To do:
The data below holds a line containing "Celebrate World Animal" and a line containing "Bentley CC - Dual Gym T-shirt - Size Guide"; please quote exactly those two lines and every line between them, and nothing else.

Top of Exercise input

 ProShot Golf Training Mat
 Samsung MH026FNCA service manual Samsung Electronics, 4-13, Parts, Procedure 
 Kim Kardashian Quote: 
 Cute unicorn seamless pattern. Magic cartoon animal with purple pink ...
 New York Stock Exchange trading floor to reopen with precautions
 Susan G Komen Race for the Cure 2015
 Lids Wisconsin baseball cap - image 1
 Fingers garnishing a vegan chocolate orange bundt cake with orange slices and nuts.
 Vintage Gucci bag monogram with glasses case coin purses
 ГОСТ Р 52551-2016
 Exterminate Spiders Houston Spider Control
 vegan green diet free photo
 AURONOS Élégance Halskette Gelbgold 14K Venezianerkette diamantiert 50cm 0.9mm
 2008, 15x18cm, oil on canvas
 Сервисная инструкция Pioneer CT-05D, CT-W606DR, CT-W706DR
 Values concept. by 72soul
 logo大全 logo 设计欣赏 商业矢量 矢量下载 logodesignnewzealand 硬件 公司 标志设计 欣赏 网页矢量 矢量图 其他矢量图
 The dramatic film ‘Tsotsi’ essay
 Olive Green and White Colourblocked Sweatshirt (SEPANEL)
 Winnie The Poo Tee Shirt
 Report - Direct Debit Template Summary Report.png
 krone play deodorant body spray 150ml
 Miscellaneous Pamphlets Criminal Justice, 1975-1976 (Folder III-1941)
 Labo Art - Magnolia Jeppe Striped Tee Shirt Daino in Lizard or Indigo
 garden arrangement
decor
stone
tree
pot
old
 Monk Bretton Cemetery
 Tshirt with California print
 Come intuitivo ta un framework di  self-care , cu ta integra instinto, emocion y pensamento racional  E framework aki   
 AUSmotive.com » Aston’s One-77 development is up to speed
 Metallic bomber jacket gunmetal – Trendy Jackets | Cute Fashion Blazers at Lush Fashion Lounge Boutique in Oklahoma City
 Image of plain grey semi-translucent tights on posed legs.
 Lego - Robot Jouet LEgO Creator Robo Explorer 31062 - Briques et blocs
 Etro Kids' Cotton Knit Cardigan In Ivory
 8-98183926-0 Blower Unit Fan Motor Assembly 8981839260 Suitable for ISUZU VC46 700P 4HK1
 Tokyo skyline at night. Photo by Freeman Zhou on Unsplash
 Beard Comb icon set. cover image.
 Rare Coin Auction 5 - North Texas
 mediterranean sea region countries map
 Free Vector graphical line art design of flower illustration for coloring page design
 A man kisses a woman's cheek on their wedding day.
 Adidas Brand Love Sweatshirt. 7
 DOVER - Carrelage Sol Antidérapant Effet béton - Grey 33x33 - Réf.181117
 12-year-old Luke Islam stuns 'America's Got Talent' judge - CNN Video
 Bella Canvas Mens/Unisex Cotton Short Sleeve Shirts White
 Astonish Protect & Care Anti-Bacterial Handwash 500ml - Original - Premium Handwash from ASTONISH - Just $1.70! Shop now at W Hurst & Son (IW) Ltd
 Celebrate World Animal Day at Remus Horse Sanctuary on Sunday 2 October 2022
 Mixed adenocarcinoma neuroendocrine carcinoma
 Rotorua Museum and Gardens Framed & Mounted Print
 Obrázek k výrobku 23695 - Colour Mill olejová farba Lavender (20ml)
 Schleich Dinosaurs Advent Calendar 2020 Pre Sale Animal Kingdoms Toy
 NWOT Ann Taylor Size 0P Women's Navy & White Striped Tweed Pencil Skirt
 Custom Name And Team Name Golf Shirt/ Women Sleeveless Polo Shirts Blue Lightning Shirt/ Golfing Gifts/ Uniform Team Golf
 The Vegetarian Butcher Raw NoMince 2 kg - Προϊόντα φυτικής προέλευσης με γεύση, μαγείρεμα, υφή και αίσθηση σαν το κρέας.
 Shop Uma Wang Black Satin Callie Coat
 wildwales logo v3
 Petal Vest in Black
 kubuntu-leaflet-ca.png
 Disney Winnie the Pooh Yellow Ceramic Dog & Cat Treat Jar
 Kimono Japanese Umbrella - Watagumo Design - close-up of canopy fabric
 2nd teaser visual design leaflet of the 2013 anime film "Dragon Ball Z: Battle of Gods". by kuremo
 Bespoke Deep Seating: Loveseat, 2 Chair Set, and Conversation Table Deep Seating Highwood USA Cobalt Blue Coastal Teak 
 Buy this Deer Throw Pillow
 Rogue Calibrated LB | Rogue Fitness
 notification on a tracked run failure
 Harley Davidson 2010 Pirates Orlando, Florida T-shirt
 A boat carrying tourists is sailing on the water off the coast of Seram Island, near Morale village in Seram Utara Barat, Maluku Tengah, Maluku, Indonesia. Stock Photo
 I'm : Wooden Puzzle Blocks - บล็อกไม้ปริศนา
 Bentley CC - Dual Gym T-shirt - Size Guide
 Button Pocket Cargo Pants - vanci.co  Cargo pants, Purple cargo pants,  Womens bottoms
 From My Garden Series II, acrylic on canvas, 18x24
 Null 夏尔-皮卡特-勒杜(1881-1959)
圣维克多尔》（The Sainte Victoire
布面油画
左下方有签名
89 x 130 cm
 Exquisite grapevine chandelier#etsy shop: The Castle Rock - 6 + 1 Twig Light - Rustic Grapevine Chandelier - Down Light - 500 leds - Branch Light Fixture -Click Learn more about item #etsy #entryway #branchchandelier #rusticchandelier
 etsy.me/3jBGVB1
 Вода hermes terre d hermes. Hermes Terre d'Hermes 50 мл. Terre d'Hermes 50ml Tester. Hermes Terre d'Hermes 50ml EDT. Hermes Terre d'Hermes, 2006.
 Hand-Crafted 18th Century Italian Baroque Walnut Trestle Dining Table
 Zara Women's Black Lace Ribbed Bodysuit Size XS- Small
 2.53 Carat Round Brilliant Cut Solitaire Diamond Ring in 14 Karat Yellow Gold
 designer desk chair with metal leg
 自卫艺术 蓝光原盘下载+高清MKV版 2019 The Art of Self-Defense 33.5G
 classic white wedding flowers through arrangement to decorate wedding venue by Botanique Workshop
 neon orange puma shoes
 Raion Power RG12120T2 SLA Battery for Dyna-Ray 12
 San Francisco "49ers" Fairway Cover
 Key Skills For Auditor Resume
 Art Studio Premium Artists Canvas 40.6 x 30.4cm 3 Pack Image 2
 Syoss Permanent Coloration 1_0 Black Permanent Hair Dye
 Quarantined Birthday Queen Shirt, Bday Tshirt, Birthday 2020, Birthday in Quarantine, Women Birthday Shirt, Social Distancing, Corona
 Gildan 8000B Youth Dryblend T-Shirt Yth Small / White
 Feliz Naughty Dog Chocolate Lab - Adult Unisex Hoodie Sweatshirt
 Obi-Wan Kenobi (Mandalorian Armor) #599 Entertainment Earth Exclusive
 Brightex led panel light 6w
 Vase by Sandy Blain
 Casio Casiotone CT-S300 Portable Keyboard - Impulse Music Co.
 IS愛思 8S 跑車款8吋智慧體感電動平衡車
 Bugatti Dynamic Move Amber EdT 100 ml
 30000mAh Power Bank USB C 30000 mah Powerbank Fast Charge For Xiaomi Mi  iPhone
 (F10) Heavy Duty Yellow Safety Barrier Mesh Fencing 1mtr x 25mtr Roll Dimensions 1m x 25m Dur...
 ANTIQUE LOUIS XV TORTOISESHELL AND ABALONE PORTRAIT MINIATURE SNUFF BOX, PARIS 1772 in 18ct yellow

Bottom of Exercise input

Solution to this problem:
 Celebrate World Animal Day at Remus Horse Sanctuary on Sunday 2 October 2022
 Mixed adenocarcinoma neuroendocrine carcinoma
 Rotorua Museum and Gardens Framed & Mounted Print
 Obrázek k výrobku 23695 - Colour Mill olejová farba Lavender (20ml)
 Schleich Dinosaurs Advent Calendar 2020 Pre Sale Animal Kingdoms Toy
 NWOT Ann Taylor Size 0P Women's Navy & White Striped Tweed Pencil Skirt
 Custom Name And Team Name Golf Shirt/ Women Sleeveless Polo Shirts Blue Lightning Shirt/ Golfing Gifts/ Uniform Team Golf
 The Vegetarian Butcher Raw NoMince 2 kg - Προϊόντα φυτικής προέλευσης με γεύση, μαγείρεμα, υφή και αίσθηση σαν το κρέας.
 Shop Uma Wang Black Satin Callie Coat
 wildwales logo v3
 Petal Vest in Black
 kubuntu-leaflet-ca.png
 Disney Winnie the Pooh Yellow Ceramic Dog & Cat Treat Jar
 Kimono Japanese Umbrella - Watagumo Design - close-up of canopy fabric
 2nd teaser visual design leaflet of the 2013 anime film "Dragon Ball Z: Battle of Gods". by kuremo
 Bespoke Deep Seating: Loveseat, 2 Chair Set, and Conversation Table Deep Seating Highwood USA Cobalt Blue Coastal Teak 
 Buy this Deer Throw Pillow
 Rogue Calibrated LB | Rogue Fitness
 notification on a tracked run failure
 Harley Davidson 2010 Pirates Orlando, Florida T-shirt
 A boat carrying tourists is sailing on the water off the coast of Seram Island, near Morale village in Seram Utara Barat, Maluku Tengah, Maluku, Indonesia. Stock Photo
 I'm : Wooden Puzzle Blocks - บล็อกไม้ปริศนา
 Bentley CC - Dual Gym T-shirt - Size Guide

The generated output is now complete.